Updated March 2026 - Have you chosen the Simplified Single-Personal Stock Company (SASU) for your activity? It is an extremely popular choice of structure for its statutory flexibility. However, the question of social security contributions in SASU is the crux of the matter when it comes to optimizing your net remuneration. In 2026, with the new financing trajectories for Social Security, the rates have changed slightly. Complete decryption to no longer pilot blindly.

1. The Status of the President of SASU: Assimilated Employee

The major particularity of the SASU lies in the social status of its manager (you). Unlike the manager of EURL (Single-member limited liability company) who is a Self-Employed Worker (TNS - SSI), the President of SASU is Assimilated Employee. It comes under the General Social Security Scheme.

The Advantages of the Assimilated Employee

  • Complete Social Protection: You benefit from the same coverage as a salaried executive for health (reimbursements via the CPAM) and daily allowances.
  • Executive Retirement: You contribute to the basic pension and the supplementary pension (Agirc-Arrco), which guarantees you higher rights than in TNS, provided you pay yourself a sufficient salary.
  • Work Accidents: You are covered by the AT/MP branch (Work Accidents and Occupational Illnesses), which is not automatic with traditional self-employed people.

Major Disadvantages

  • High Cost: This is the most expensive diet. For €1,000 net in your pocket, the total cost for the box is much higher than in EURL.
  • No Unemployment: Although considered an employee, you do not contribute to France Travail (formerly Pôle Emploi).
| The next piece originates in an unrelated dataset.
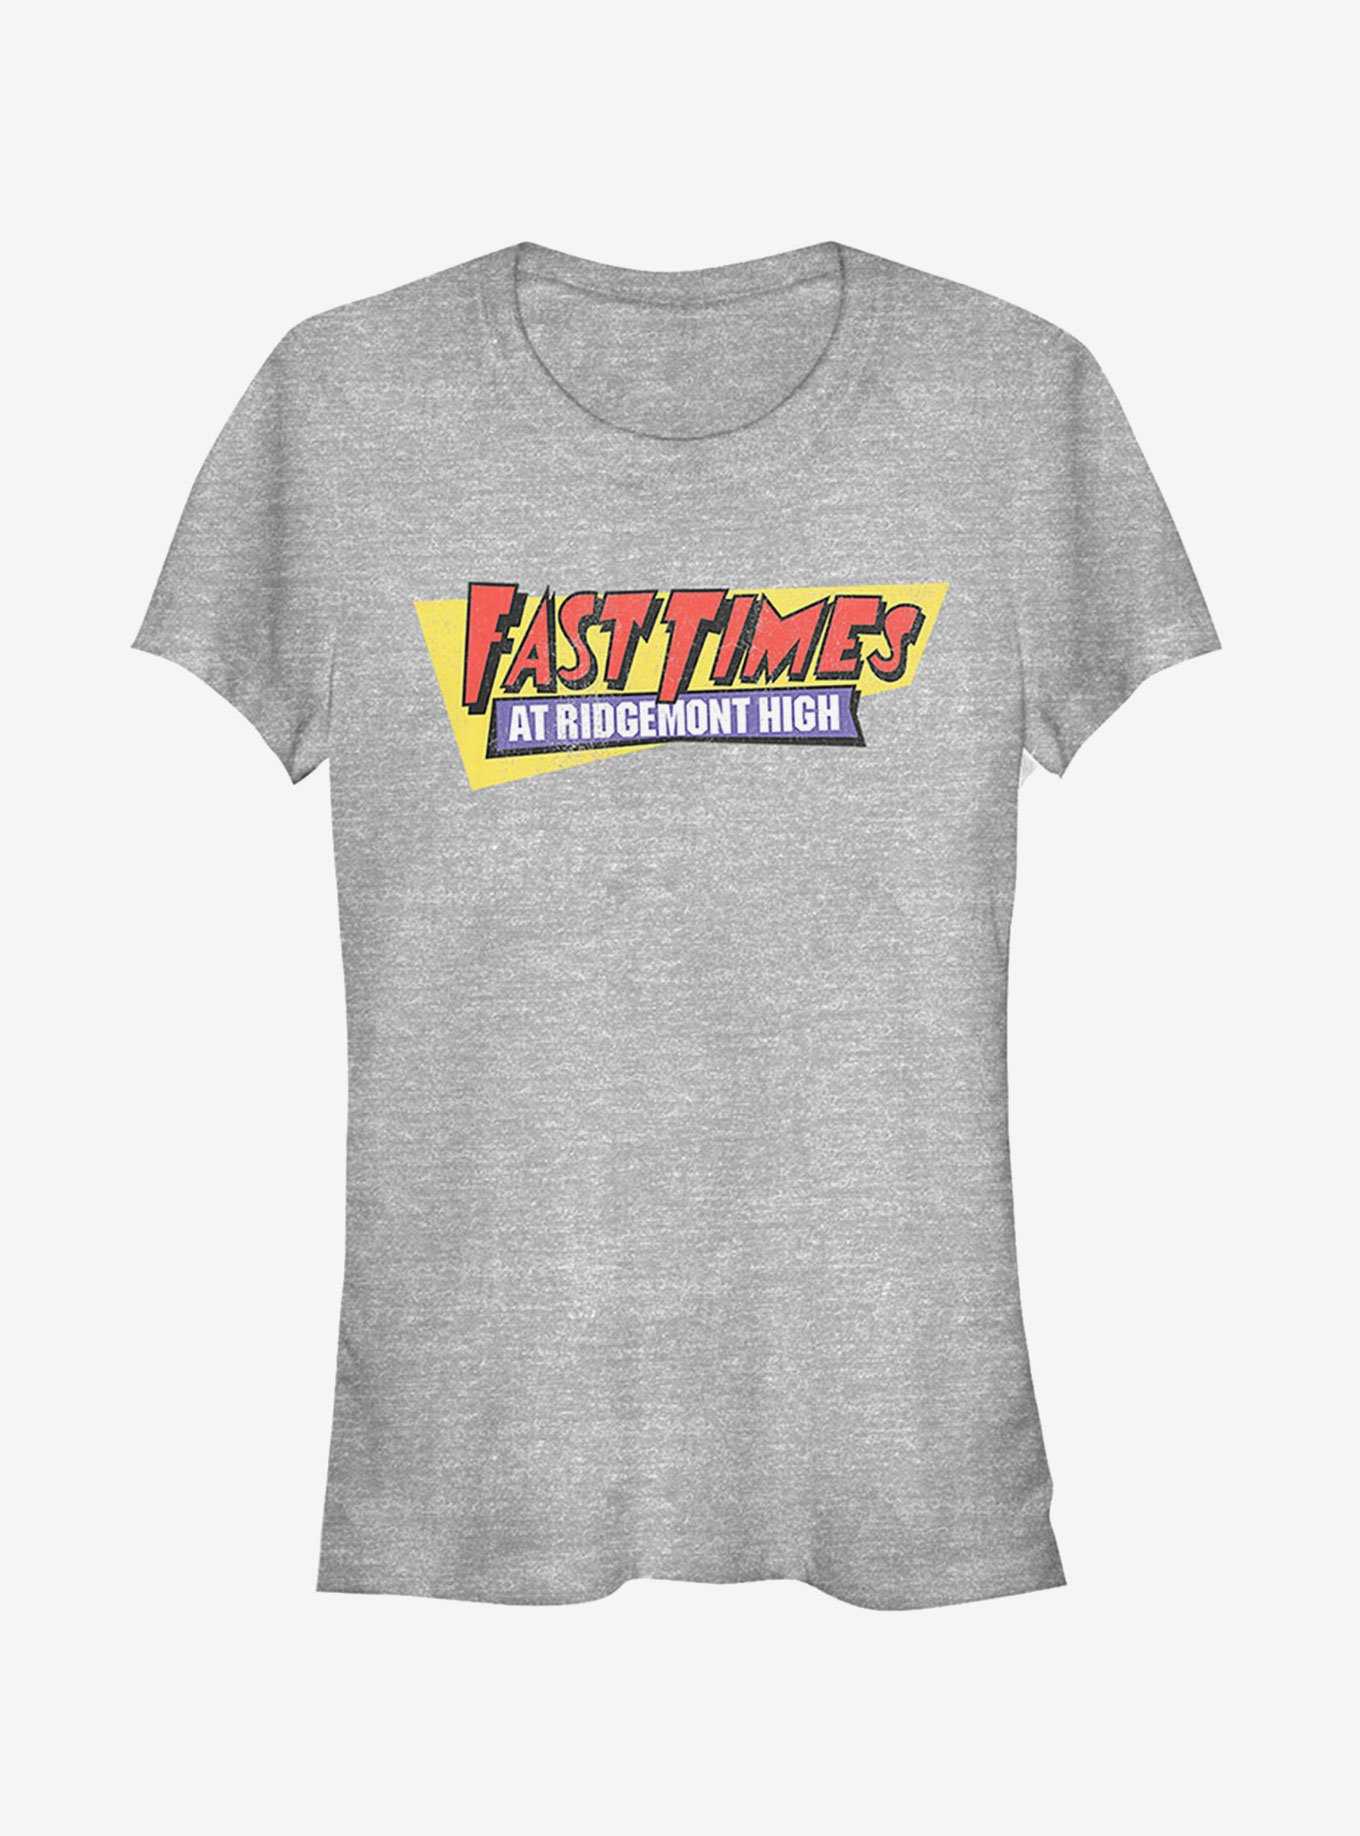 Fast Times at Ridgemont High Retro Logo Girls T-Shirt, , hi-res

In the event of bankruptcy, you are not entitled to benefits (except optional private insurance such as GSC).

2. Calculating Costs in 2026: The Golden Rule

In 2026, the quick estimate used by accountants for a SASU is 75% to 80% of social charges compared to net salary.
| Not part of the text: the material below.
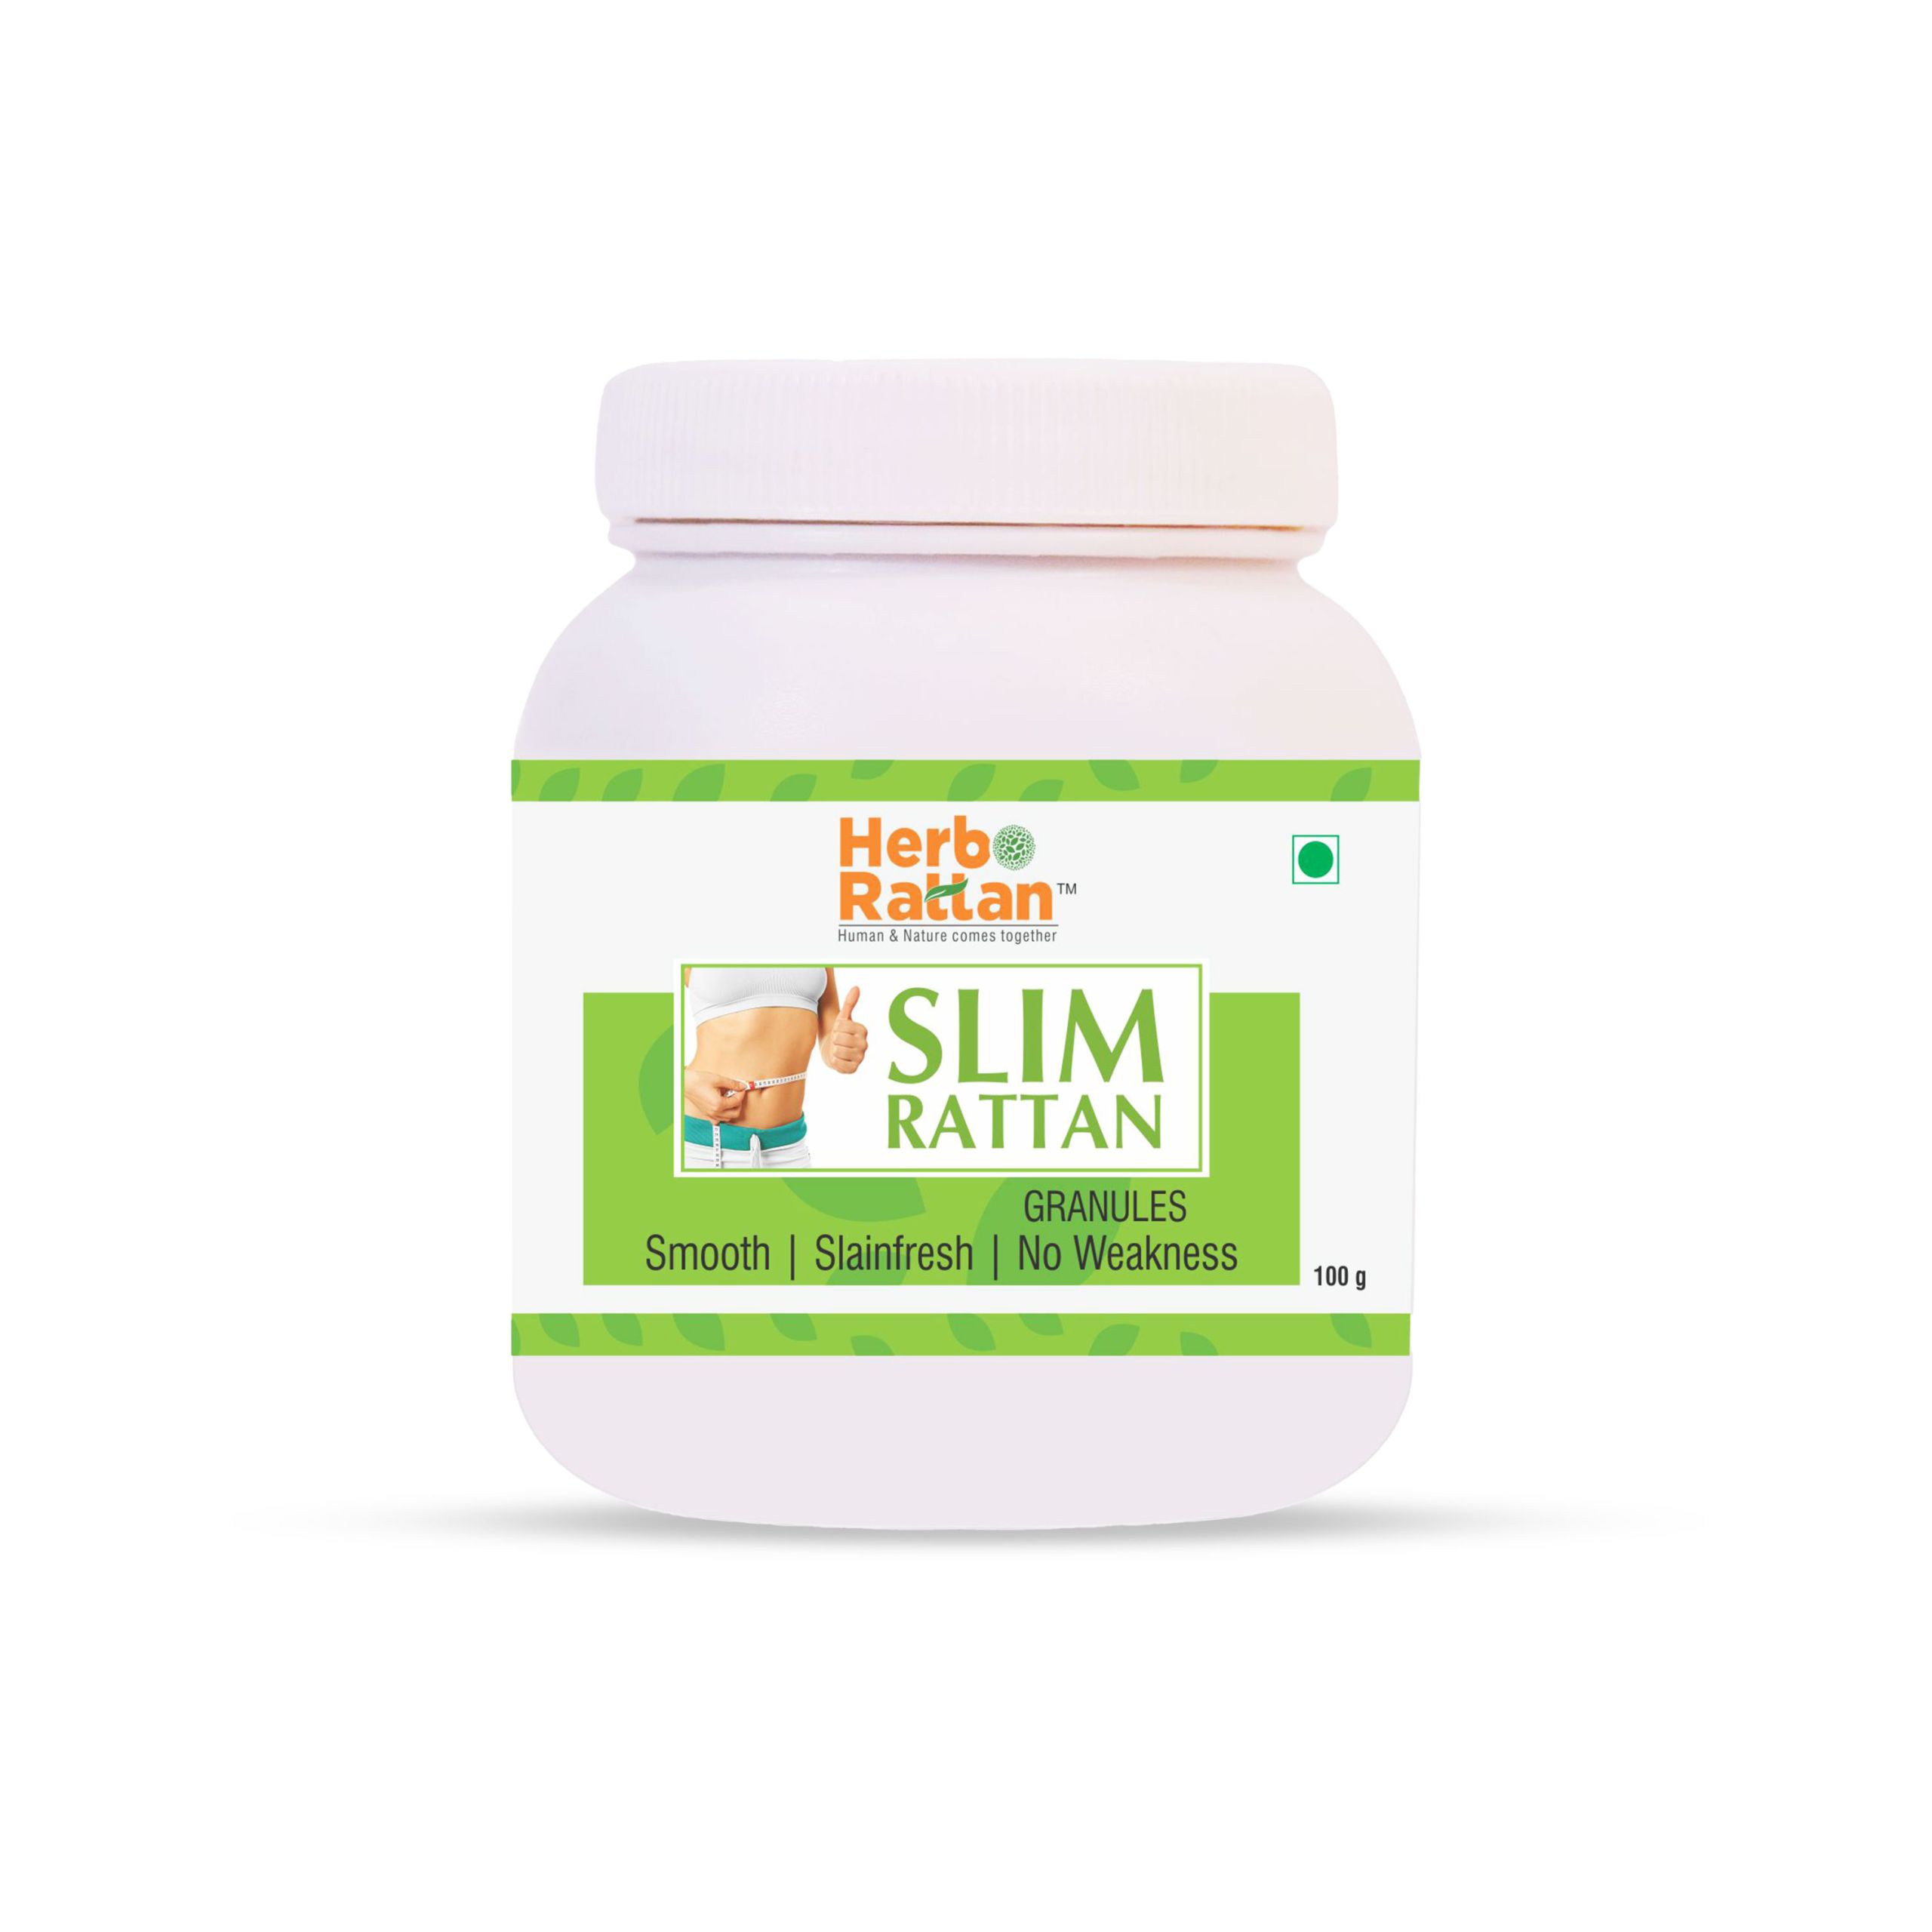 Herbo Rattan Slim Rattan Granules – 100 gm

Example of Simulation (2026 Figures):

If you want a net salary of €3,000:

  • Salary contributions (deducted from gross): approximately 22% (~ €850).
  • Employer Contributions (paid by the company): approximately 42-45% (~ €1,700).
  • Total cost for SASU (Super-Brut): approximately €5,550.
  • Weight of charges: ~ €2,550 (i.e. 85% of the net).

Focus on the Fillon Reduction (General Relief)
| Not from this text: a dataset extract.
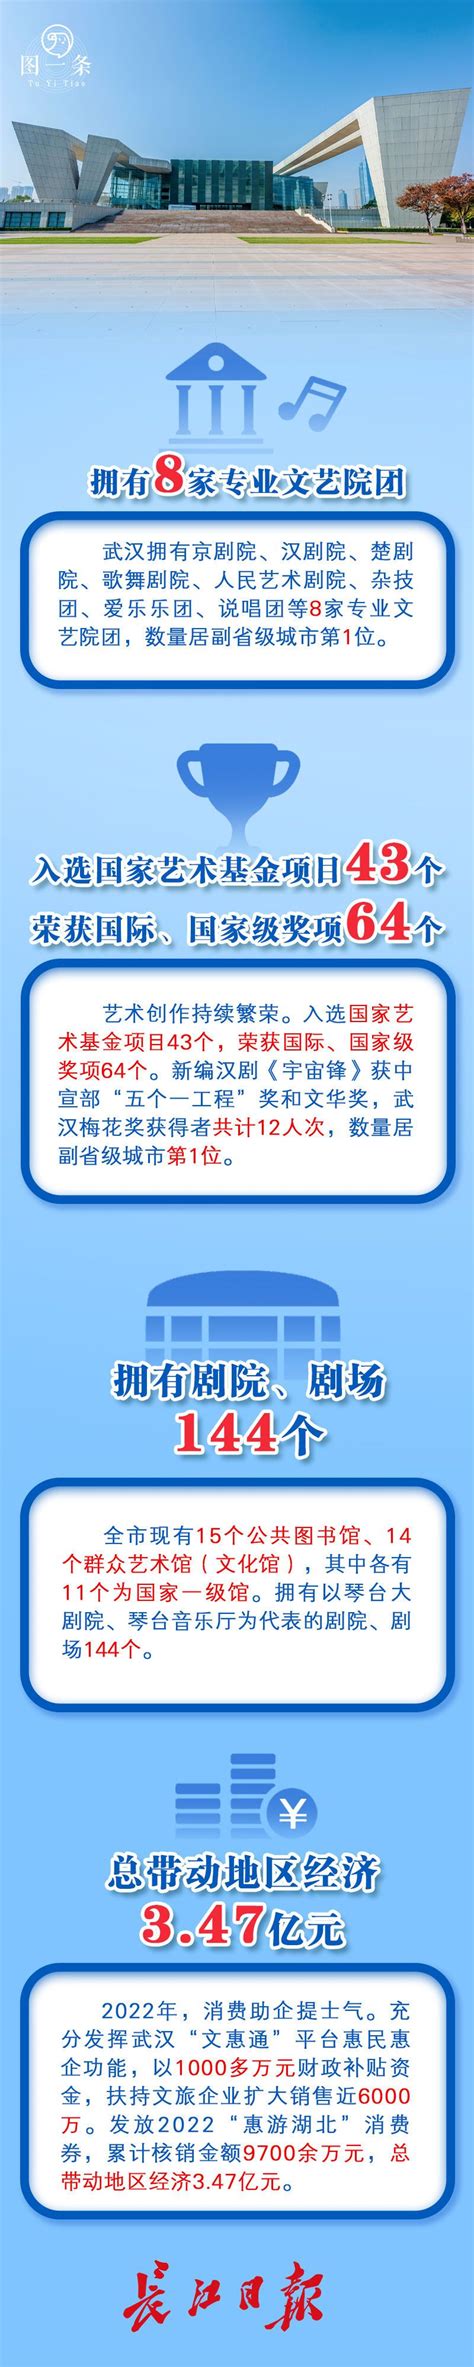 武汉市文化和旅游局(网上办事大厅)

If you pay yourself a small salary (close to the minimum wage), the company benefits from the Fillon reduction. This drastically reduces employer contributions (URSSAF (French social contributions authority)). Please note: This relief is decreasing and is completely canceled as soon as the salary exceeds 1.6 SMIC.

3. Optimization Strategies: Dividends vs Salary

This is where the SASU becomes a weapon of tax warfare. You have two options for getting the money out of the box.

Strategy A: Exclusive Salary Employment

You pay everything as salary.

  • The +: Maximum social protection, validation of 4 quarters of retirement.
  • The -: Not very tax efficient if your profit is high.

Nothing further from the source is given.